Nia's heart was beating too fast. "That doesn't mean anything good."

"Maybe not. But it means something."

They sat in silence after that, the weight of Jade's confession settling between them like a stone. Nia stared at the city skyline, trying to untangle the knot of emotions in her chest. Why did it matter if Jade liked him? Why did the thought of someone else wanting him make her feel like screaming?

"He's all yours," she finally managed, standing abruptly.

Jade caught her wrist. "Nia..."

"I mean it. He's clearly not interested in lowly assistants anyway."

But even as she said it, she knew it was a lie. Because there had been moments—fleeting, barely-there moments—when she'd caught him looking at her with something that wasn't disdain. Something that made her skin feel too tight and her breath catch in her throat.

She hated those moments most of all.

---

Later that afternoon, Lucien stood at the floor-to-ceiling windows of his office, ostensibly reviewing quarterly projections. But his attention kept drifting to the woman sitting at the desk outside his door.

Nia was concentrating on something, her brow furrowed in that way that made her look younger than her years. She'd tucked a strand of hair behind her ear, and he found himself tracking the movement of her fingers, the curve of her neck as she leaned forward.

She was explaining something to Marcus from accounting, her voice patient and warm. He'd given Marcus the same information three times with increasing irritation, but somehow Nia made it sound simple. Natural.
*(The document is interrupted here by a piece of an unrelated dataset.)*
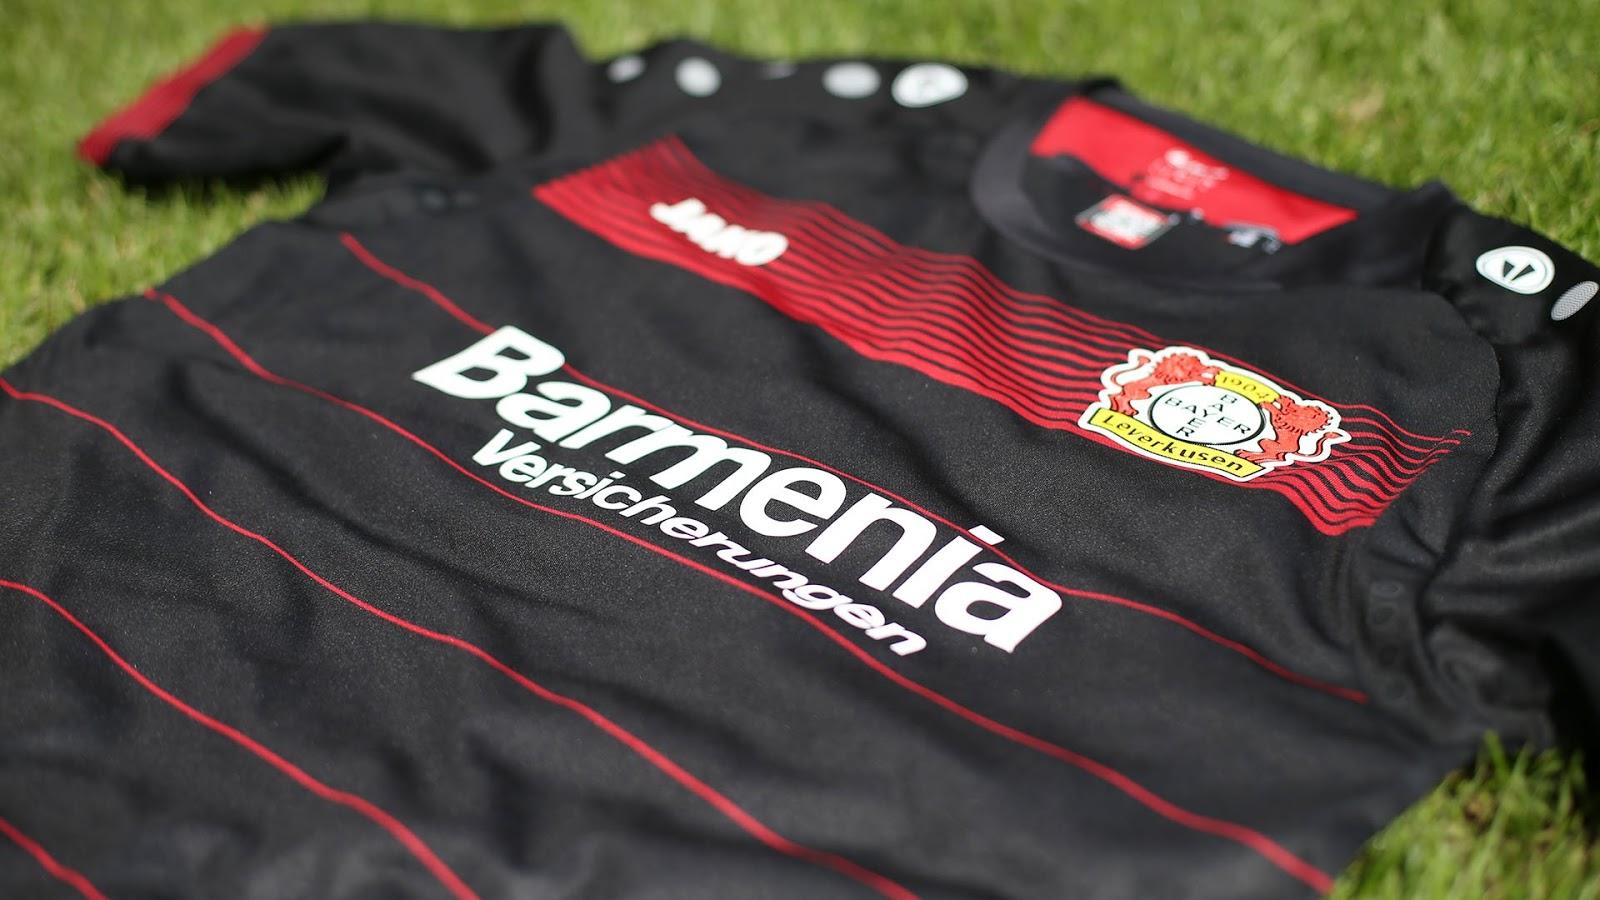 Image result for Leverkusen banner

She had no idea he was watching. That's when she was most herself—unguarded, genuine, achingly human in a world that had forgotten how to be soft.

And it terrified him.

She wasn't supposed to matter. She was supposed to be temporary, forgettable, just another face in the endless parade of assistants who came and went. But every time she looked up with those defiant eyes and refused to back down, she carved herself deeper into the spaces he'd spent years keeping empty.

Every morning when she walked through that door with her second-hand clothes and determined expression, she brought something into his sterile world that he'd thought was gone forever. Hope. Warmth. The possibility that not everyone was playing a game.
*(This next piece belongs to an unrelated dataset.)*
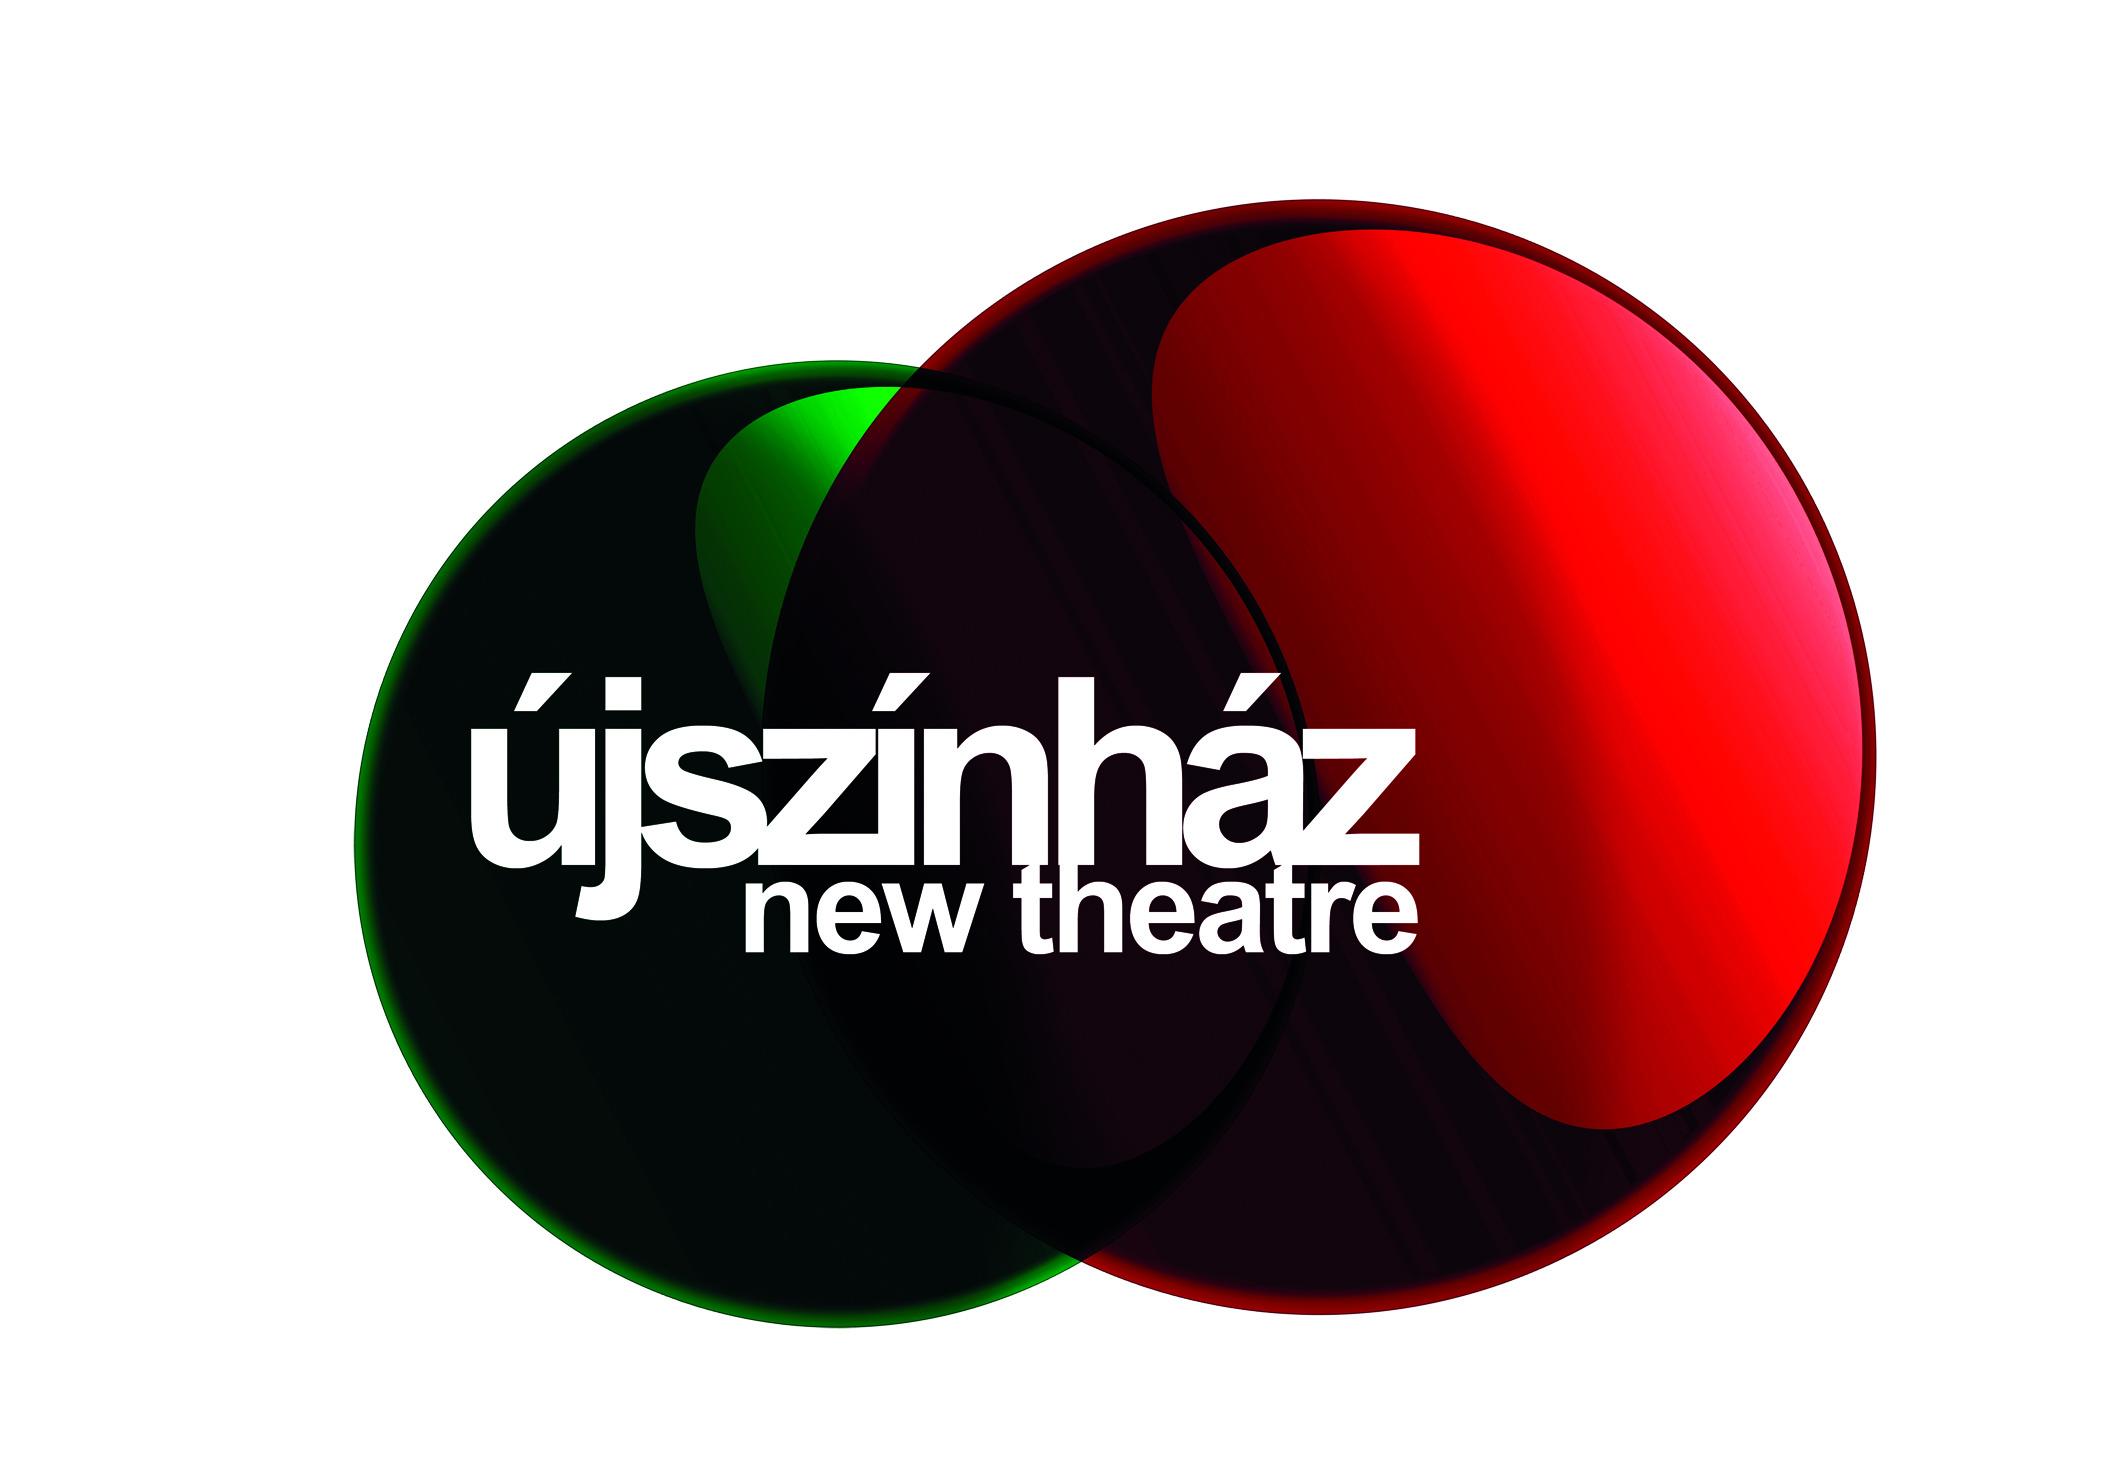 Új Színház_logo

She was dangerous in a way that had nothing to do with corporate espionage or political maneuvering. She was dangerous because she made him remember what it felt like to be human.

He turned away from the window, jaw clenched.

Cold.

Unbothered.

Just as he had always been.

But something in his chest felt less like stone today.

And more like cracking ice.

In the distance, his phone buzzed with an encrypted message from home. Another reminder of who he really was. Another chain pulling him back toward a life he'd temporarily abandoned.

The clone had 6 months left.

6 months to figure out what to do about the girl who was slowly, systematically, dismantling every wall he'd ever built.

6 months to decide if Lucien Vale was worth saving.

Or if the Crownless King should finally claim his throne.